In our ongoing effort to educate your mushy brains about cigar history, here’s something even I didn’t know until I recently ran across it-
read on about Ybor City: a piece of the big built up area of Tampa, Florida, which owes its start to three Spaniards who came to the US in the 19th century: Gavino Gutierrez, Vicente Martinez Ybor, and Ignacio Haya. Ybor immigrated to Cuba in 1832, at the age of fourteen. He worked as a clerk in a food store, then as a stogie salesman, and in 1853 he began his very own stogie factory in Havana. Labor issues, the heavy price list on Cuban cigars, and the beginning of the Cuban Revolution in 1868 caused Ybor to withdraw his plant and his employees to Key West, Florida. While his company there had been successful, work issues and the lack of an appropriate fresh water supply and transport system for distributing his cigars led him to consider moving his company to a new location.
Gavino Gutierrez came to the US from Spain in 1868. He settled in N.Y city, but he traveled often to Cuba, to Key West, and to the small city of Tampa, Florida, on the hunt for exotic fruits like mangoes and guavas. During a trip to Key West in 1884, he convinced Ybor, to go to Tampa to analyze its aptitude for stogie making. That very same year Henry Bradley Plant, an entrepreneur from Connecticut, had finished a rail line into Tampa and was in the act of reinforcing the port facility for his shipping lines. These methods of transport would make it easy to bring over tobacco from Cuba as well as distribute cigars. Now of course we can just buy tobacco online. Tampa also offered the warm, damp climate compulsory for cigar manufacturing, and a freshwater well.
After visiting Tampa in 1885, both Haya and Ybor were determined to build cigar factories in the area. Gutierrez surveyed an area 2 miles from Tampa, even drawing up a map to show where streets might run.
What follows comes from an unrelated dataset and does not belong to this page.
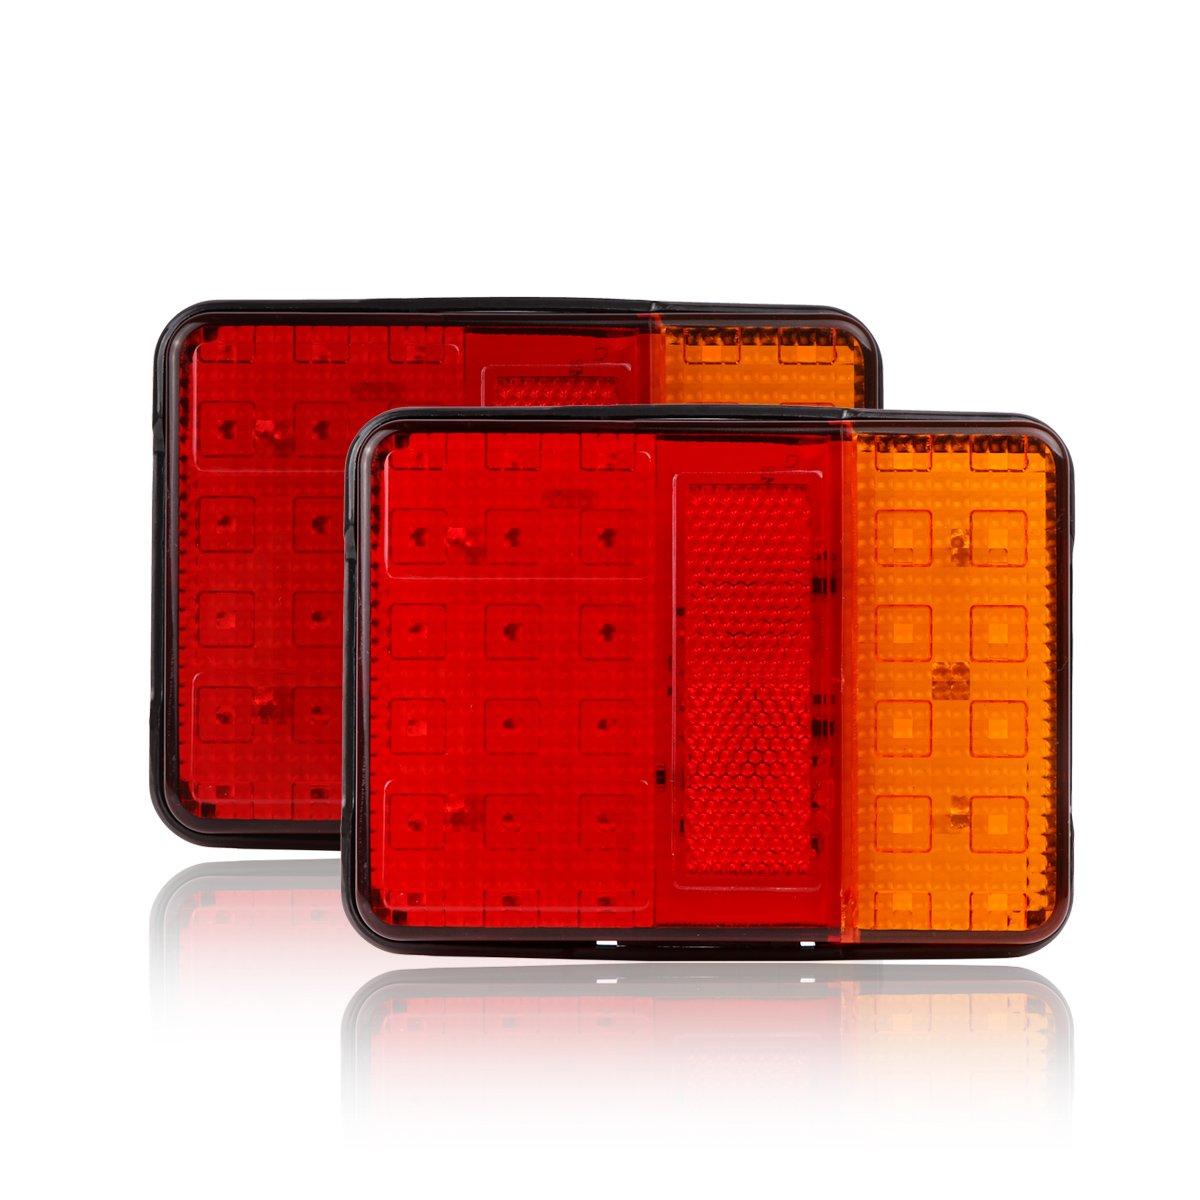 30 luces LED traseras de freno e indicadores de Abedoe, 12 V, para remolque, camió n, volquete, furgoneta y caravana 12V camión

Ybor bought 40 acres of land and started to create a factory. He continued to make cigars in Key West too until a fire hit his factory there in 1886. Later on Ybor spent all his time on the operations in the Tampa area.
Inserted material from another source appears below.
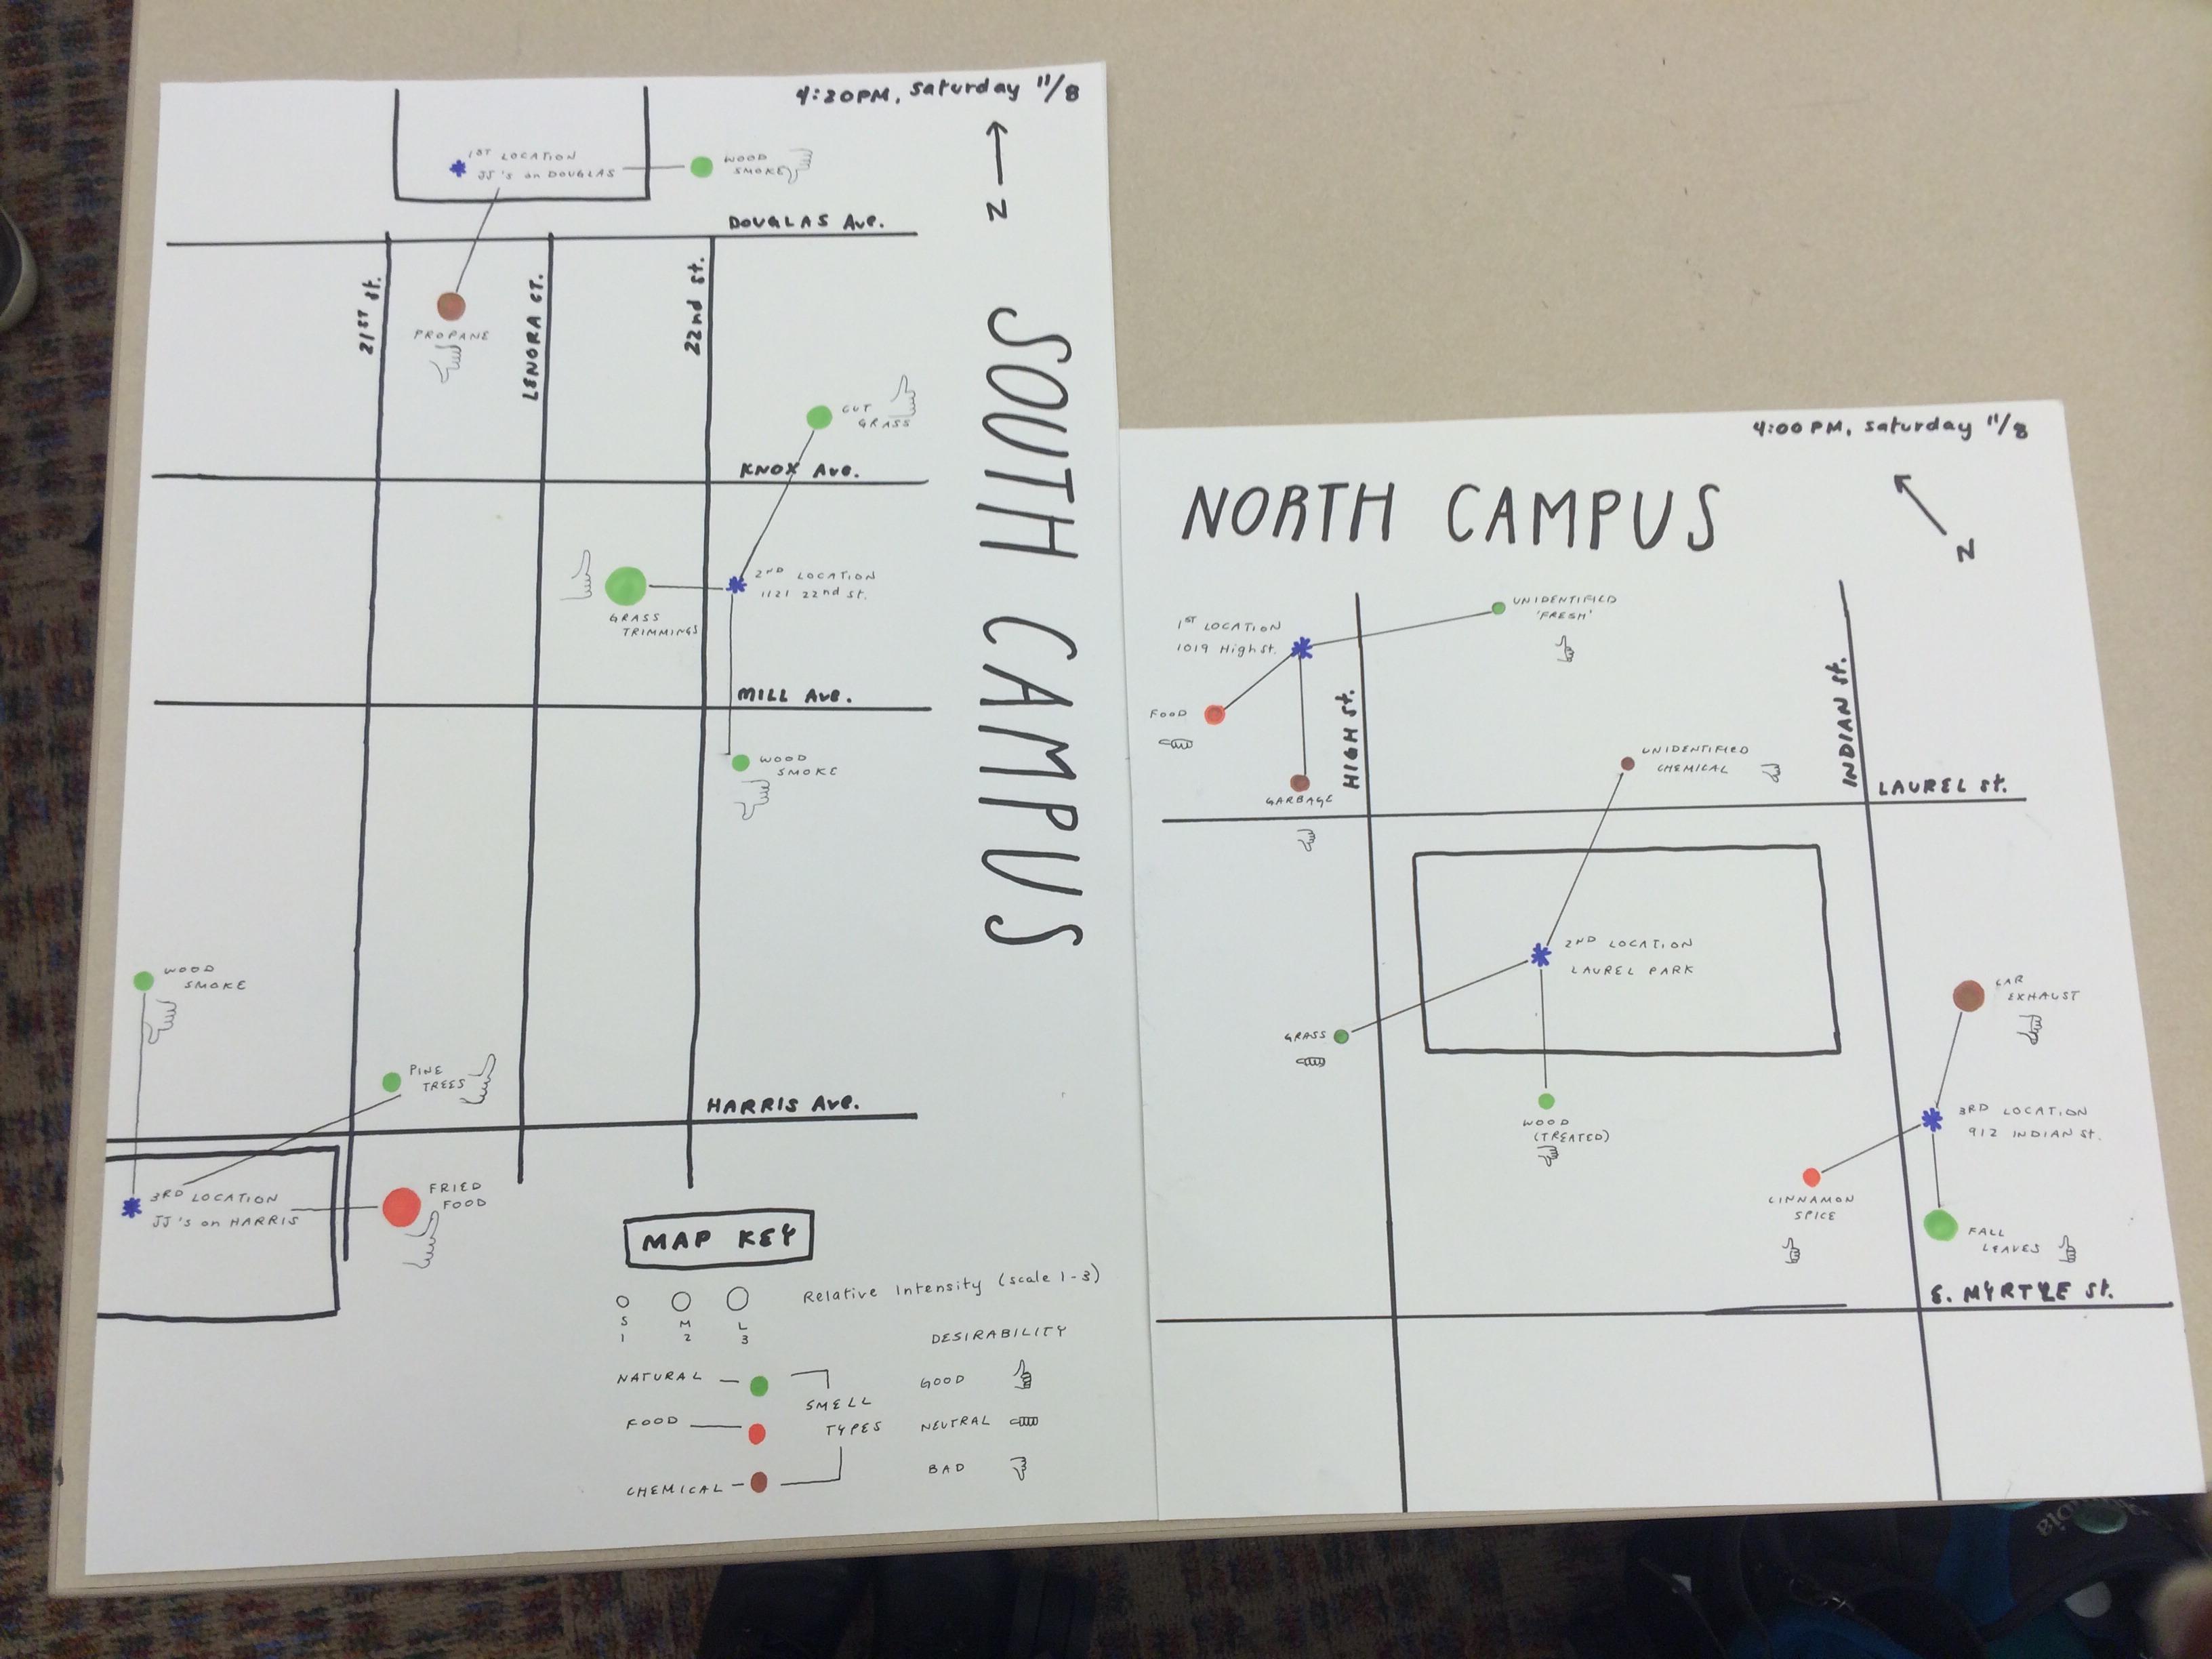 Sensory Map of WWU campus

In Ybor, most families made their money from stogie making, while the jobs of masses of other staff centered round the cigar trade. As an example, some employees created the unique wooden cigar boxes in which the cigars were shipped and which, in most American homes, came to be used for holding keepsakes. Other employees made cigar bands, which once were picked up by youngsters all over the land. Ybor city ultimately out-produced Havana. By 1900 Tampa’s Ybor city had become called the “Cigar Capital of the planet”. Ybor city kept on growing and prospering through the 1920s and into the 1930s.